- DATASET EXTRACT:
-=-=-=-=-
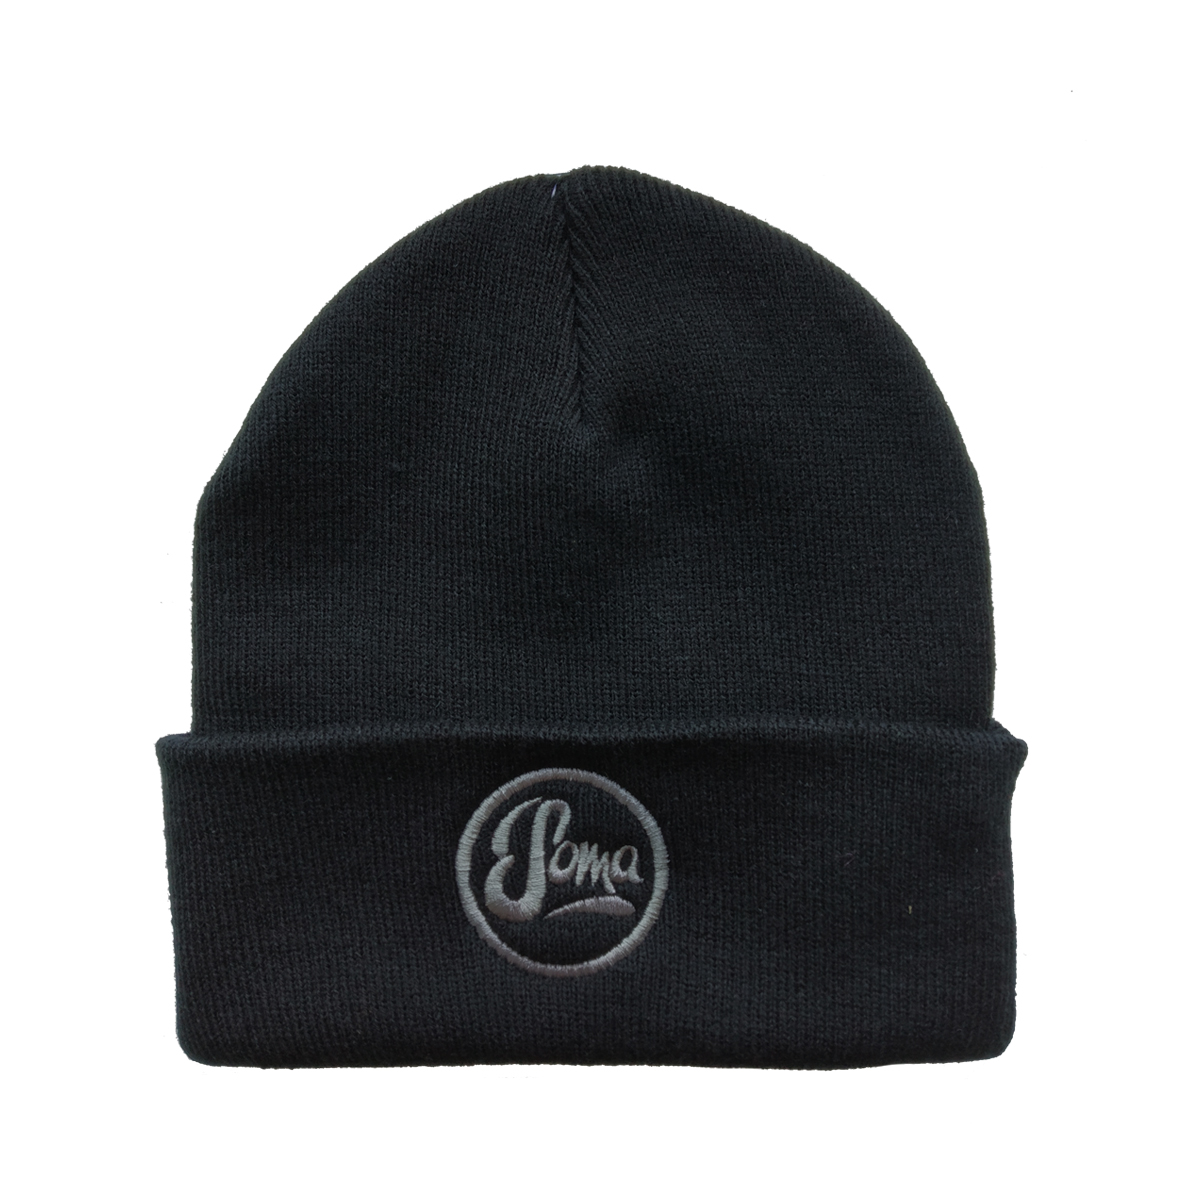 Black Beanie with embroidered logo - £10
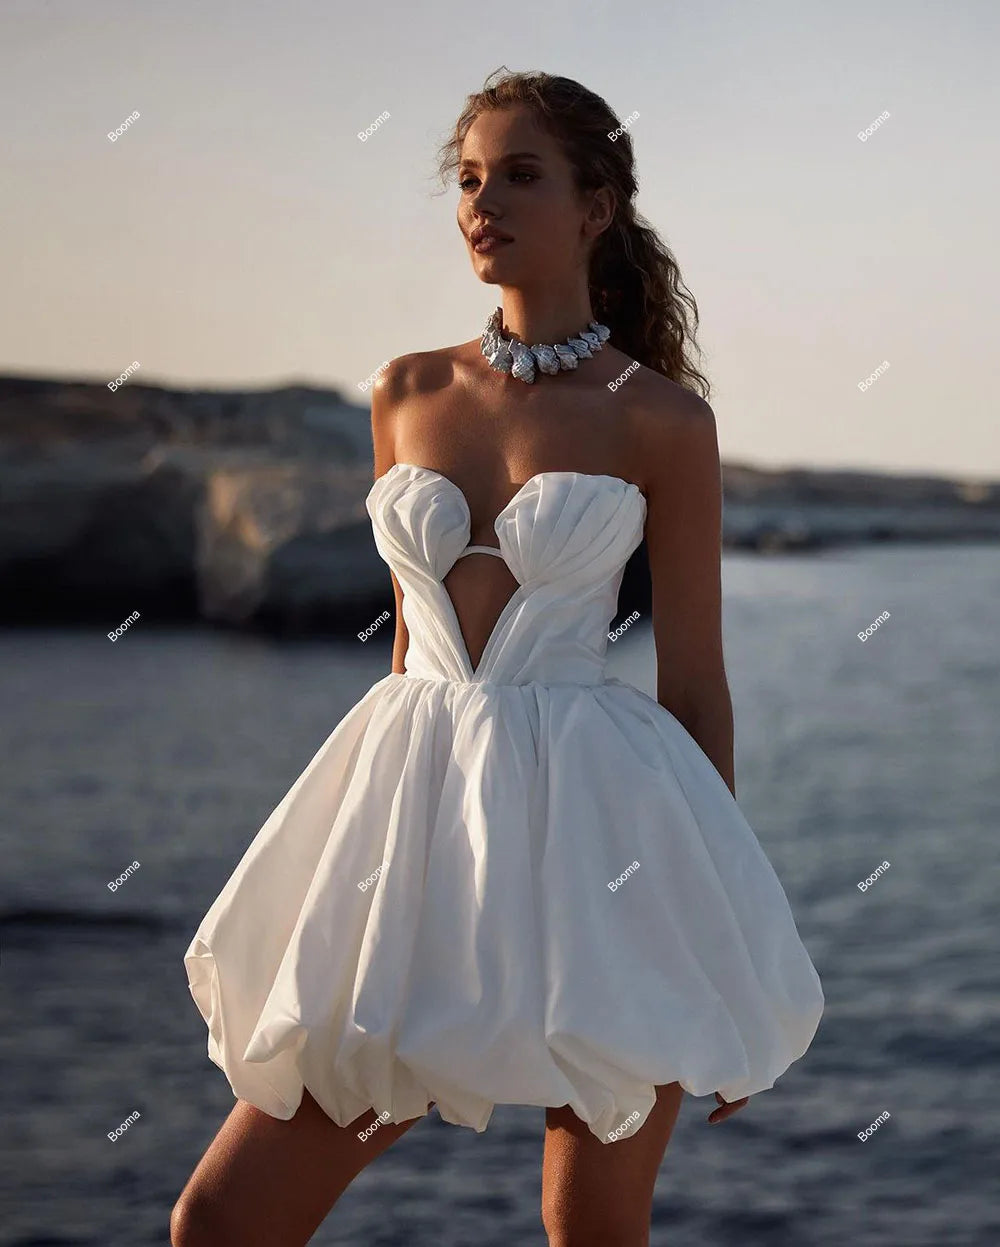 Simple Elegant Short Wedding Dresses Strapless Ball Gowns Mermaid Brides Evening Dresses for Women Party Cocktail Gowns
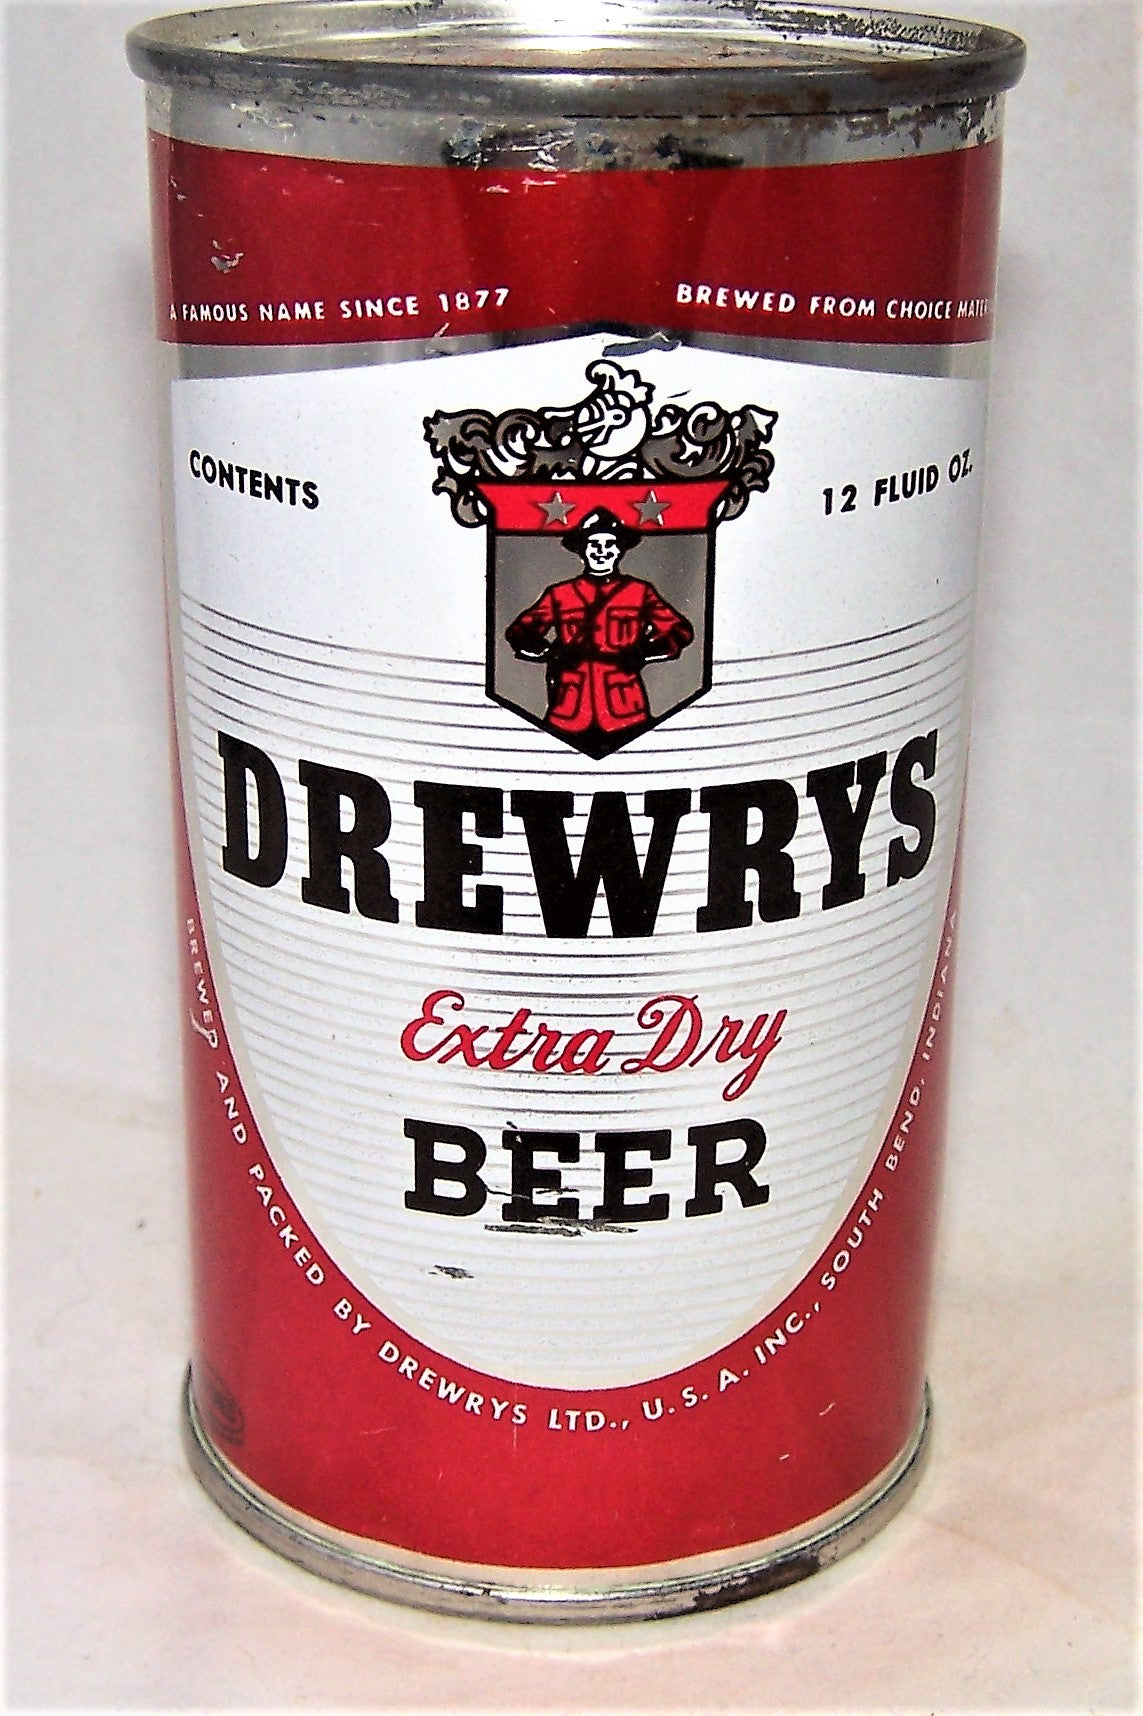 Drewrys Extra Dry (Your Character) USBC 56-39, Grade 1. Sold on 01/22/20
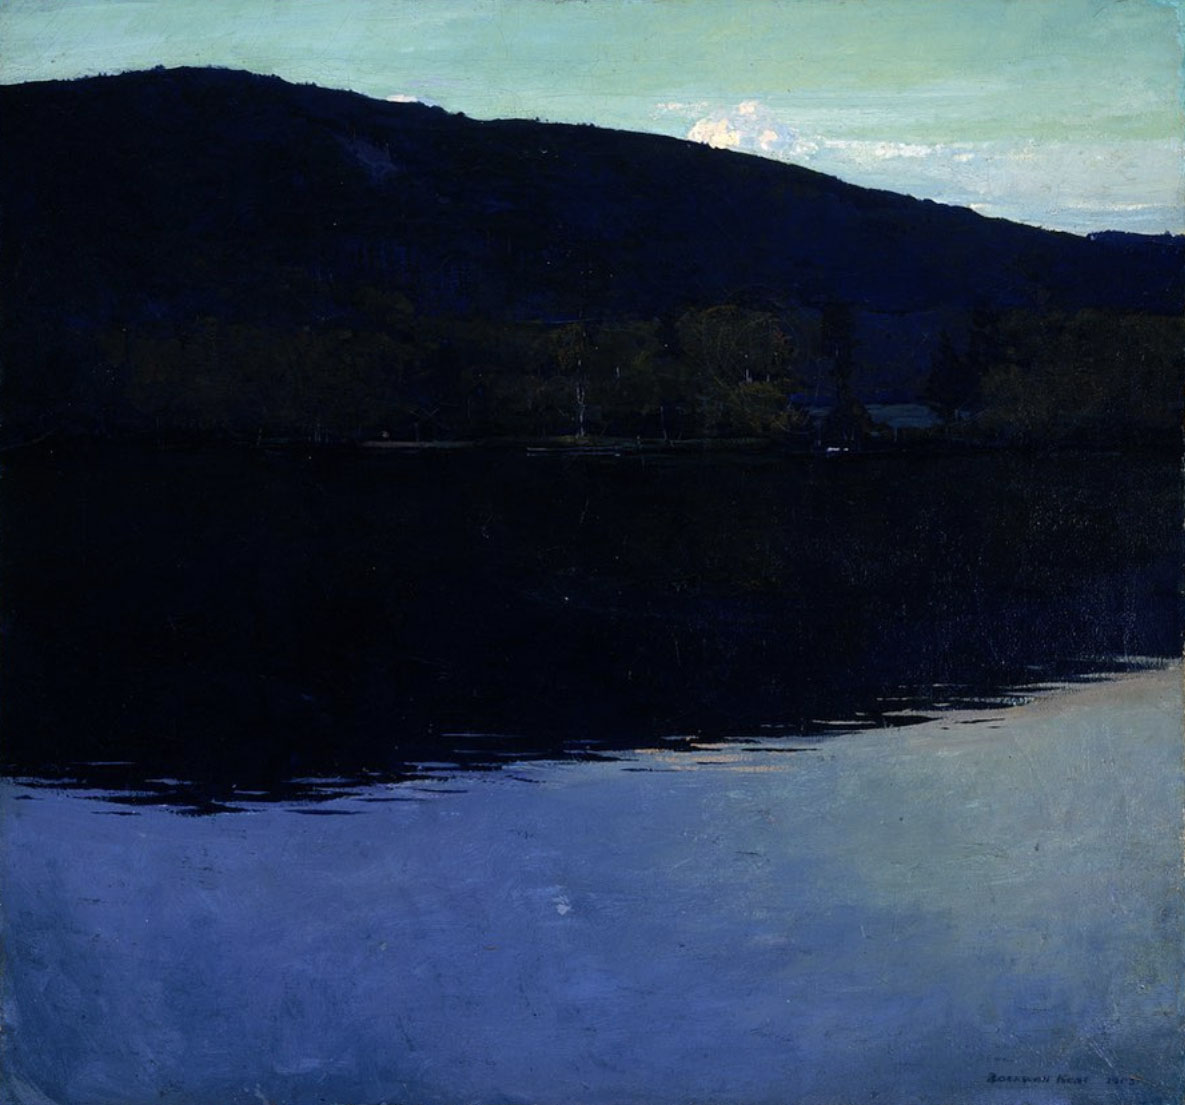 Rockwell Kent, American, 1882–1971. Dublin Pond, 1903. Painting, oil on canvas. Purchased with the Winthrop Hillyer Fund
-=-=-=-=-
- TASK TO CARRY OUT: The whole listing should be reproduced exactly. Images don't go in.

- EXERCISE RESPONSE:
 Black Beanie with embroidered logo - £10
 Simple Elegant Short Wedding Dresses Strapless Ball Gowns Mermaid Brides Evening Dresses for Women Party Cocktail Gowns
 Drewrys Extra Dry (Your Character) USBC 56-39, Grade 1. Sold on 01/22/20
 Rockwell Kent, American, 1882–1971. Dublin Pond, 1903. Painting, oil on canvas. Purchased with the Winthrop Hillyer Fund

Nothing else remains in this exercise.